Archivi categoria: Storia delle istituzioni

Annale 2023 di ASL: tra armi e comunità

L’ultimo numero dell’Annale della Società Storica Lombarda si segnala per diversi contributi afferenti al tema della guerra dal Medioevo all’Età Moderna.

L’Annale 2023 dell’Archivio Storico Lombardo presenta notevoli spunti d’interesse nel panorama degli studi storici. La linea editoriale che si è affermata negli ultimi anni presenta la prima sezione del volume dedicata a un tema di attualità o ritenuto meritevole di analisi specifiche.
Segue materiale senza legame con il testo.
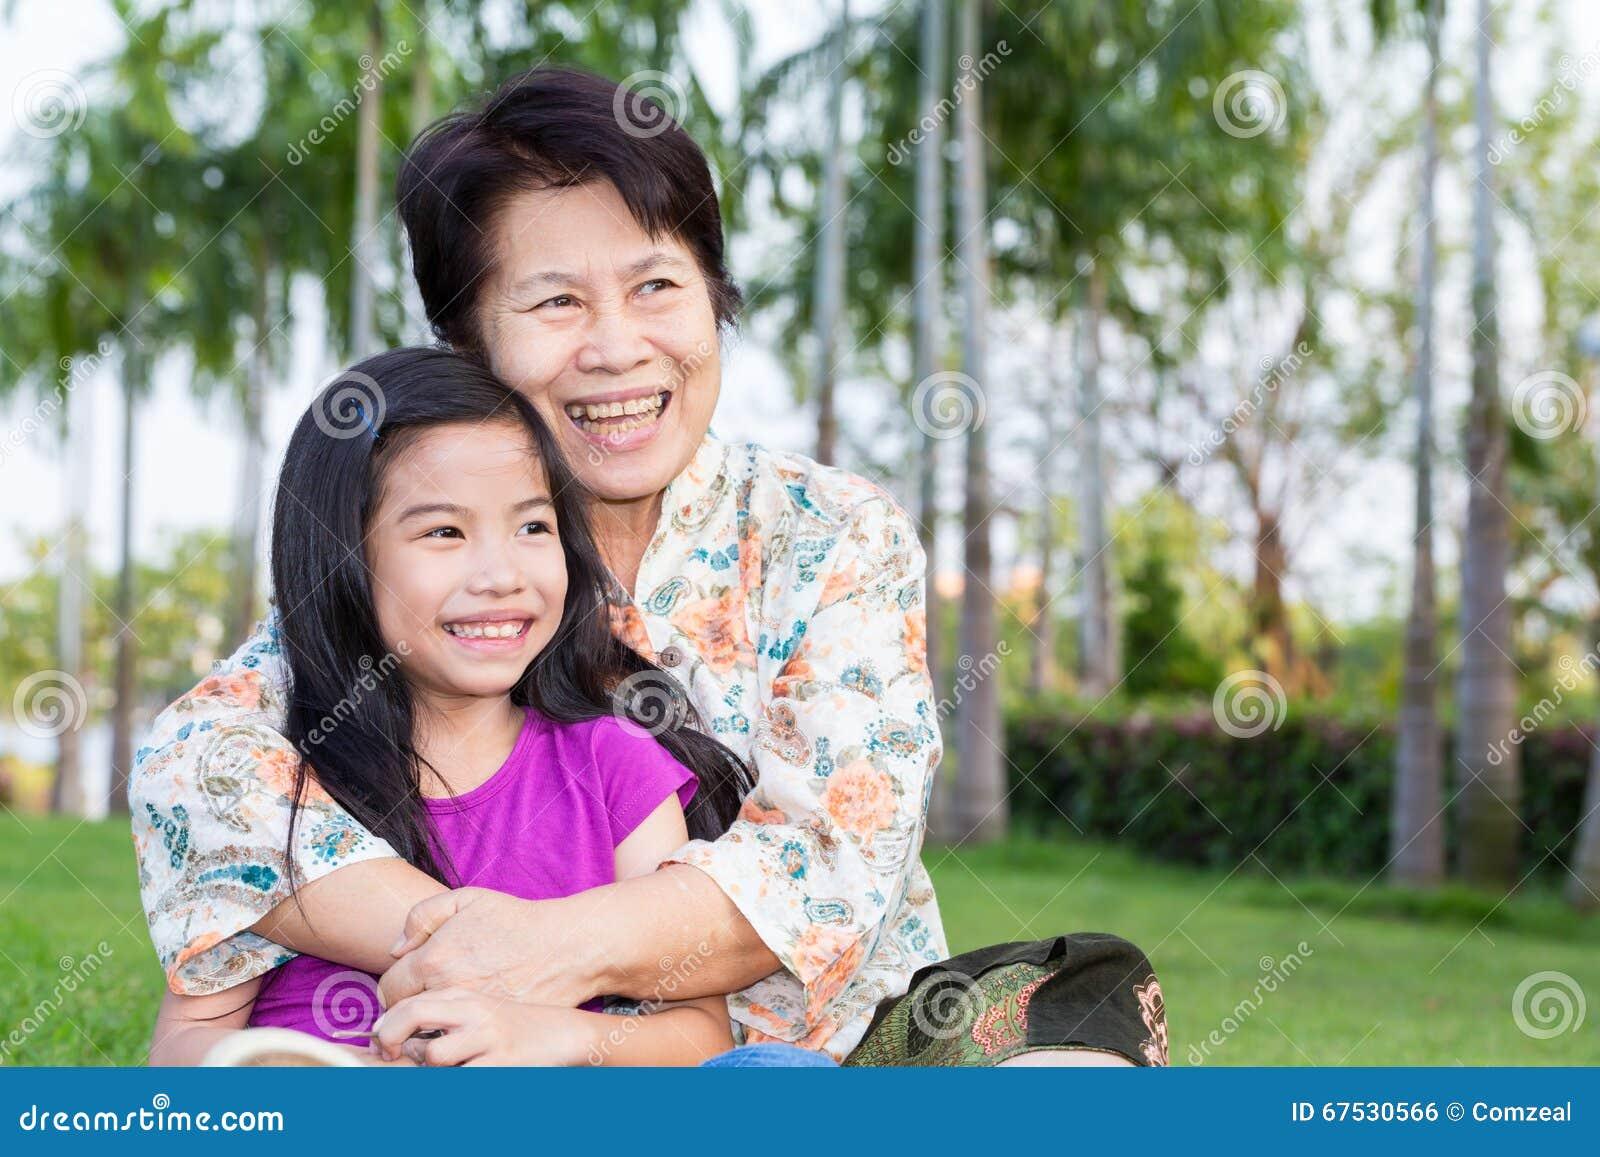 happy asian grandma and grandchild smiling stock photo image of
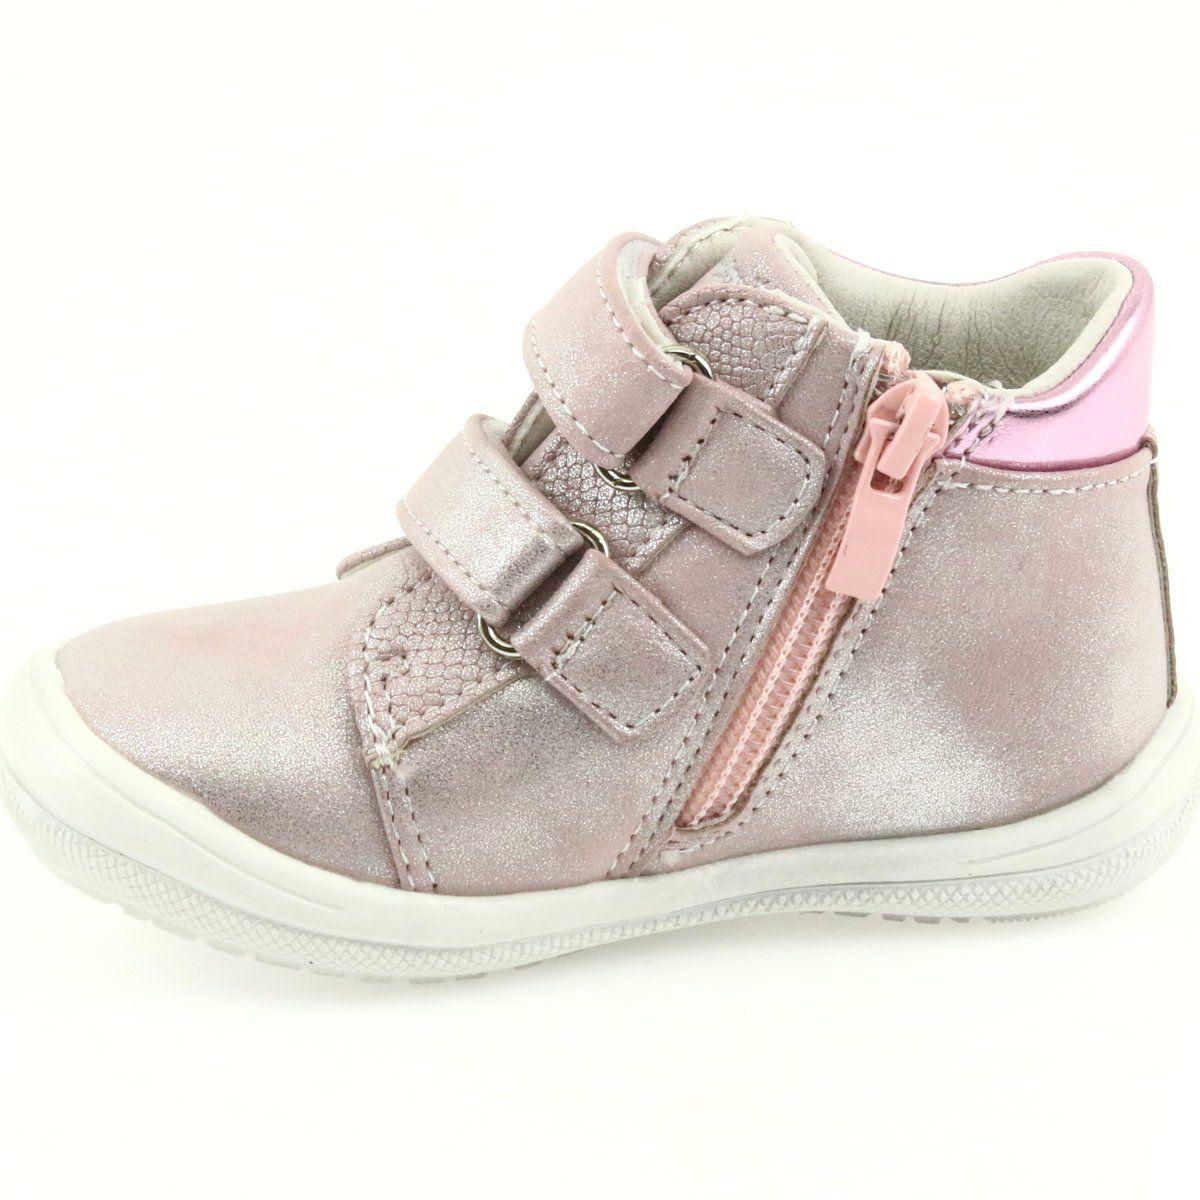 American Club Adi Sportowe Buty Dzieciece W Serduszka American Szare Rozowe Wedge Sneaker Shoes Sneakers

Nell’Annale 2023 ci si è dedicati al tema delle guerre e dell’amministrazione militare nel ducato di Milano tra Medioevo ed Età Moderna con saggi di notevole spessore scientifico.

Il contributo di Paolo Grillo si concentra sulla devastazione di Como avvenuta nel 1127 ad opera dei milanesi, trentacinque anni prima della celebre distruzione di Milano compiuta dalle truppe filoimperiali delle città ghibelline lombarde. 

Il saggio di Giancarlo Andenna, muovendo da un robusto apparato di fonti, ricostruisce gli anni difficili vissuti dai cittadini di Novara alla fine del XV secolo, quando dovettero far fronte non solo a una lotta aspra tra le fazioni locali dei guelfi e ghibellini, ma anche ai problemi legati all’occupazione francese di Louis d’Orléans e all’assedio del duca Ludovico Maria Sforza nel 1495. Eventi ulteriori che segnarono profondamente la storia cittadina furono nel 1500 la cattura dello Sforza da parte dell’Orléans, re di Francia da alcuni anni con il nome di Luigi XII, la pestilenza scoppiata l’anno successivo e un nuovo assedio, questa volta francese, avvenuto nel 1513. 

Il saggio di Emanuele Pagano si concentra su un tipo particolare di uomini armati presenti negli Stati italiani tra XVI e XVIII secolo. Oltre agli eserciti regolari comandati dalla grande nobiltà specializzata nel mestiere delle armi, articolati in corpi di archibugieri, picchieri, moschettieri e cavalieri, vi erano infatti le milizie che si aggiungevano alle truppe regolari e venivano impiegate per lo più nella difesa delle piazzeforti o nel controllo del territorio al posto delle guarnigioni professionali. In alcuni casi le milizie erano impiegate anche in guerra, al fianco degli eserciti regolari. Le caratteristiche di questi corpi paramilitari risiedevano nella loro diretta dipendenza dal sovrano e nella presenza di personale che non apparteneva solo alla grande nobiltà. Si trattava di uomini reclutati nelle fasce comprese tra i 16 e i 60 anni di età, con una netta prevalenza di giovani provenienti per la maggior parte dallo strato sociale dei contadini o degli artigiani. I cavalieri, per lo più nobili, erano gli unici che potevano permettersi di pagarsi la cavalcatura e le armi. Diverso il caso dei fanti, le cui spese per l’apparato militare ricadevano in parte su di essi, in parte sullo Stato e sui corpi locali. 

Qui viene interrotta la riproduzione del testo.